Those are the ones that work best for us. Oddly, we accidently installed some upside down with the holes at the bottom, and performed much better than the holes at the top. We now use those almost exclusively for the Chinquapins and install "upside down". Once they start poking out of the top of the tubes, we cage as well.
We tried the green ones and green ones with slits that didn't work well with the Chinquapins, but worked with oaks. We are going to start taking the green ones, and cut them down for rodent girdling when we pull tubes off our 4-5 year old trees in April.
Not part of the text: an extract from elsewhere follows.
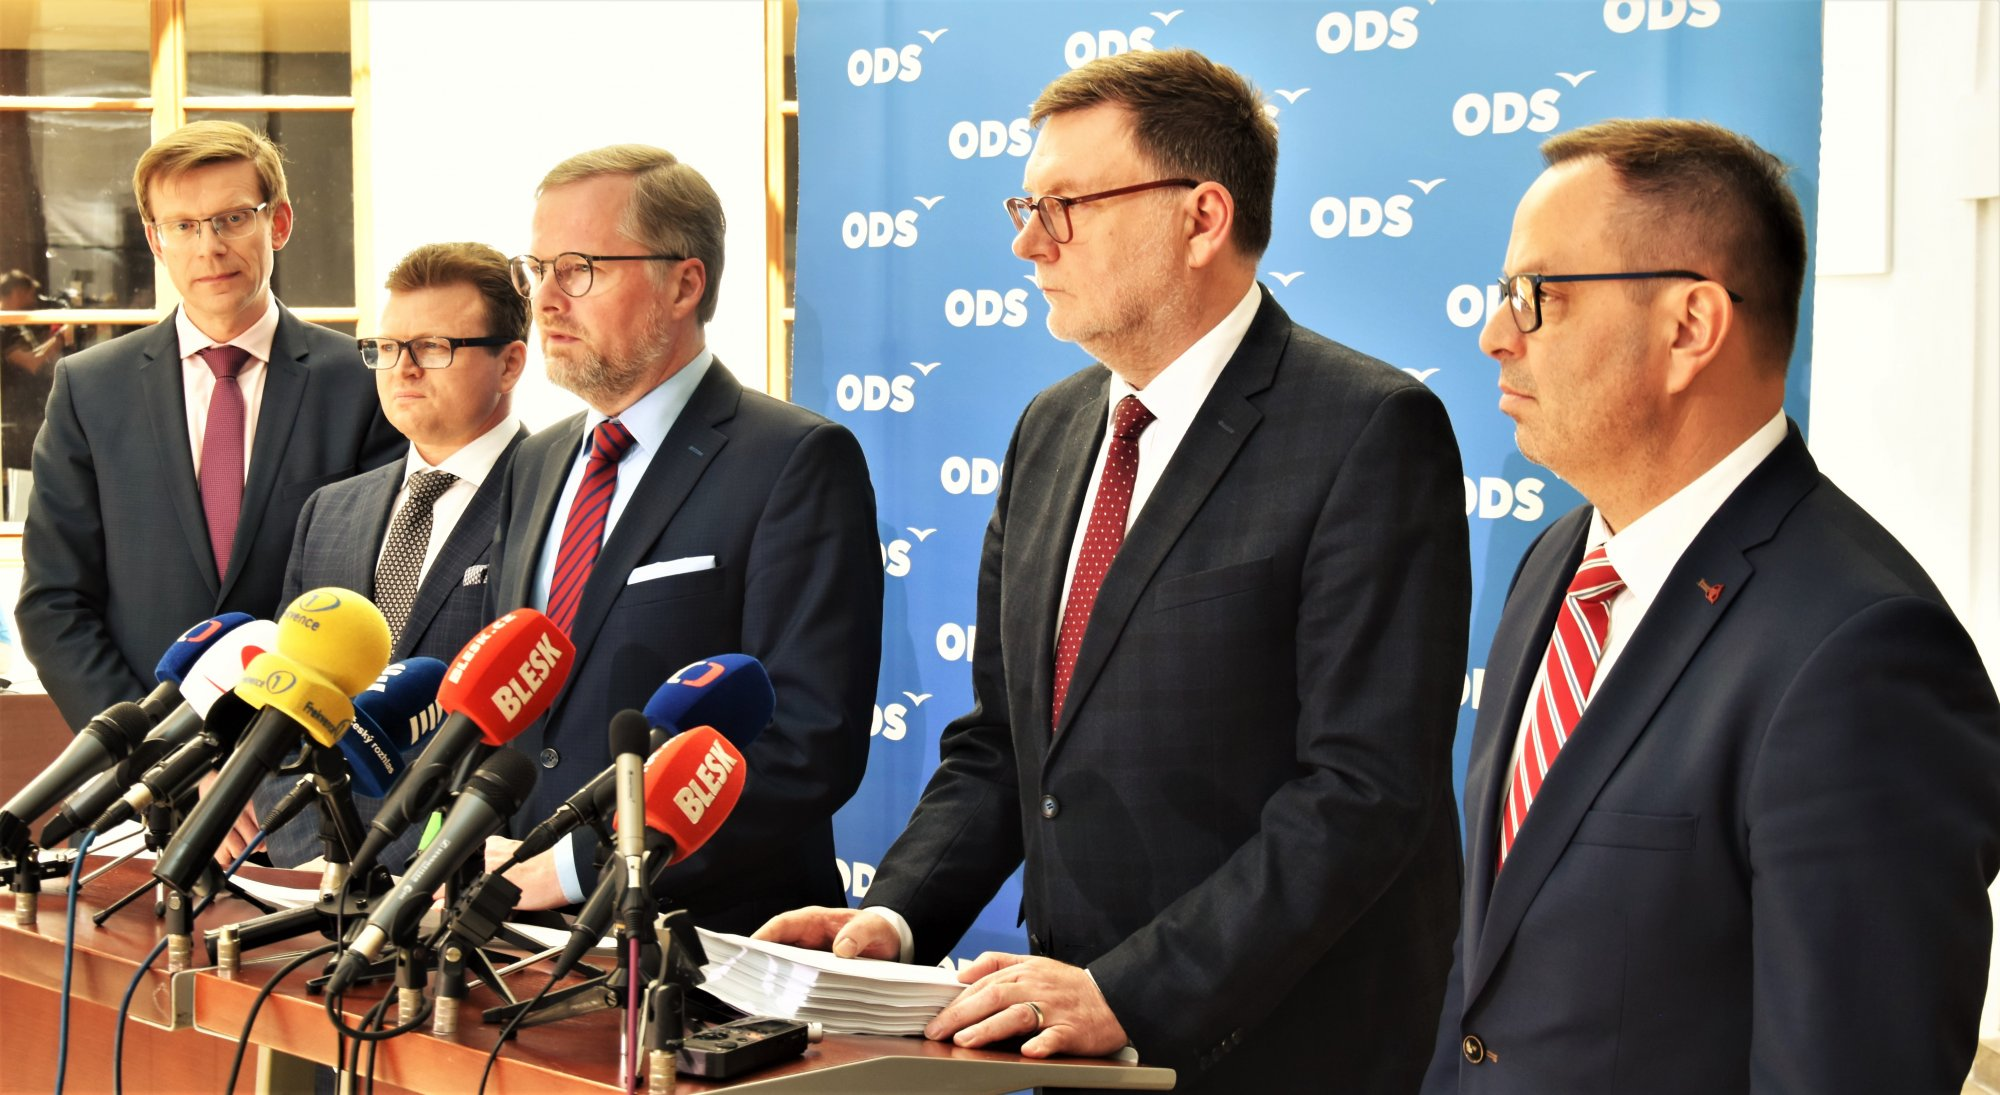 ODS: Sněmovna bude hlasovat o našich návrzích pro podporu OSVČ a zaměstnanců
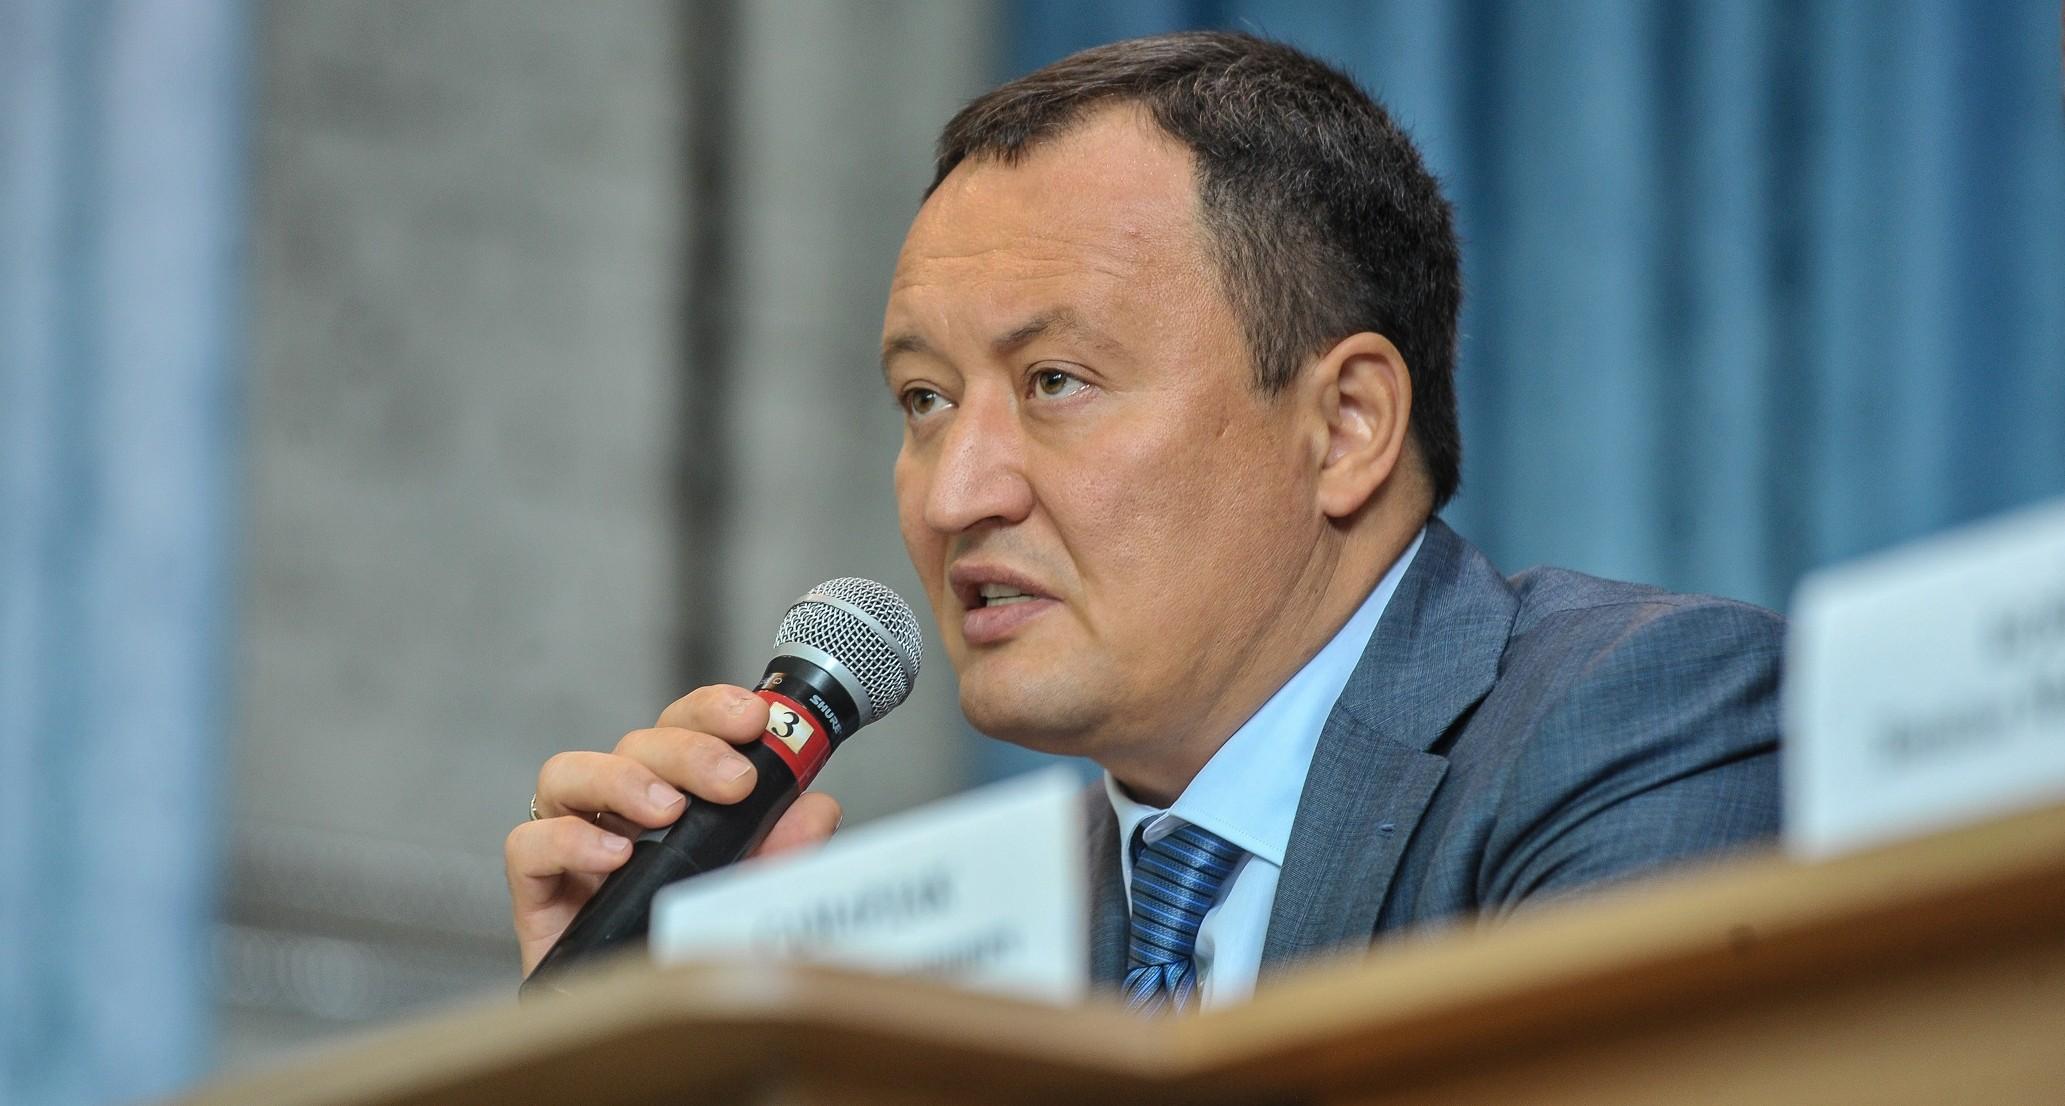 «Я офицер и привык выполнять приказы»: Константин Брыль заявил, что не намерен оставлять губернаторское кресло

I'm still trying to figure out the best stakes. Fiberglass were great but expensive and tough to find. Regular wood stacks rot too quickly. Plastic deteriorate in the sun too quick. Bamboo has been tough to get quality pieces - half are good / half are bad when ordered. I'm worried about t-posts cutting roots when removing.
For most of my chestnuts and other trees, over the years, I've used PVC. I don't like solid stakes, I want mine to bend in the wind so trees don't get brittle. The longer you leave them tubed or staked the more this matters. For my high value trees, I used cages made of cement wire. I like that because it stands on it's own. you can just stake the bottom foot with rebar to keep them from moving. I would then string rope across the cage with 2 strands in each direction near the top. It captures the seedling. This lets the seedling blow significantly in the wind but it is limited by the rope so it does not get too much. I like this method best for valuable trees.
For the trees I tube, I don't like holes near the bottom. This may depend on your location and climate. I found that holes near the bottom can create a chimney effect as the tube heats up and the hot air rises. This can cause small seedlings to dry out. On the other hand, if you have no air flow, you can create humid conditions where mold thrives in the tube.
It is all about figuring out what works best in your specific situation. I would not use tube at all if I was in an area where I did not need to worry about deer browsing. One year I had more chestnuts than I had tubes and planted some with not protection. Years later, those that survived are bushes with no central leader. I doubt they will ever produce nuts, or at least not for many years.
I don't have that concern with ACs. They will bear nuts in just a few years regardless if they take tree or bush form.
For the ACs that I just planted at my retirement property, I just used what was easy. I had a bunch of step-in electric fence posts sitting around from a Gallagher-style e-fence I used years ago. Since I was direct seeding nuts in tubes and there was no digging involved, they were very convenient. At my farm, I often planted ACs with no protection. Although we had high deer densities. we had lots of native ACs, so deer were used to them. They got browsed a bit but generally not killed. Since AC produce nuts in bush form, it was just easier and cheaper to plant them with no protection. At my retirement property, I've got security video cameras on the barn near where I planted these ACs. We had a mast crop failure this year, and I'm seeing up to 15 deer at once around the barn at night eating the WR/Clover/PTT I planted. I know they would paw up these nuts if I did nothing here. I'm hoping after a year or two to remove the tubes.